What the task requires:
Every line in the listing below from the one with "Private Equity: Wettbewerbsintensität" through the one with "Crucial T700 PRO" is to be reproduced exactly, both ends included; leave out the rest.

Data shown:
——————————

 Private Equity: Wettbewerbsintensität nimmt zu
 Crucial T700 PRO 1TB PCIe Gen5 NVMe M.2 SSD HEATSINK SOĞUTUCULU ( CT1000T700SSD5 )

——————————

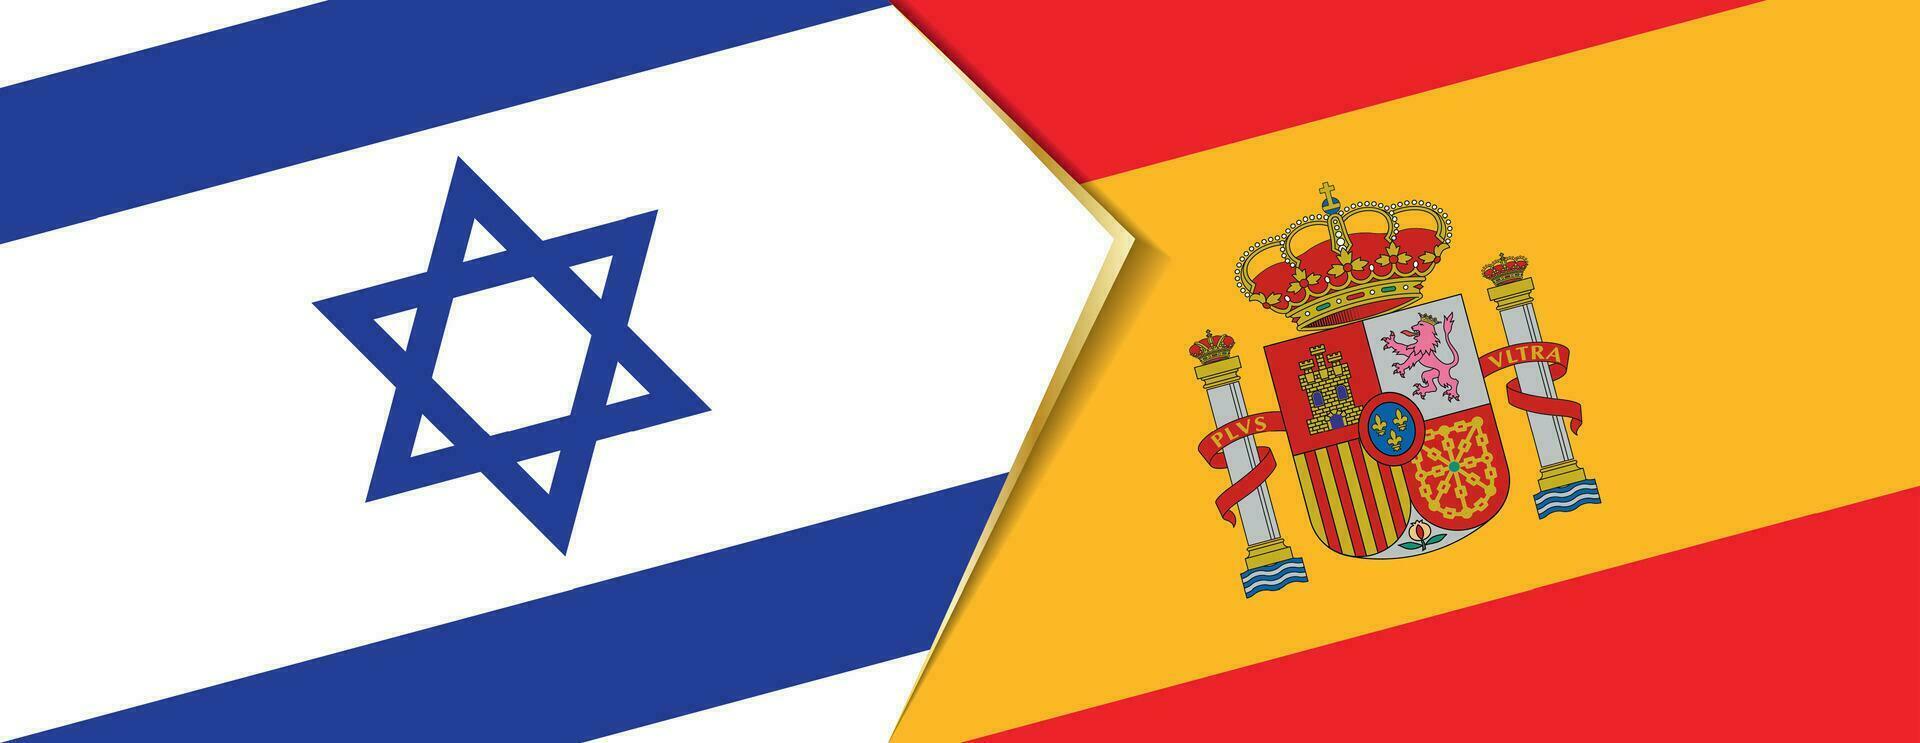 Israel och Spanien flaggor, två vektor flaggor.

——————————

Answer box:
 Private Equity: Wettbewerbsintensität nimmt zu
 Crucial T700 PRO 1TB PCIe Gen5 NVMe M.2 SSD HEATSINK SOĞUTUCULU ( CT1000T700SSD5 )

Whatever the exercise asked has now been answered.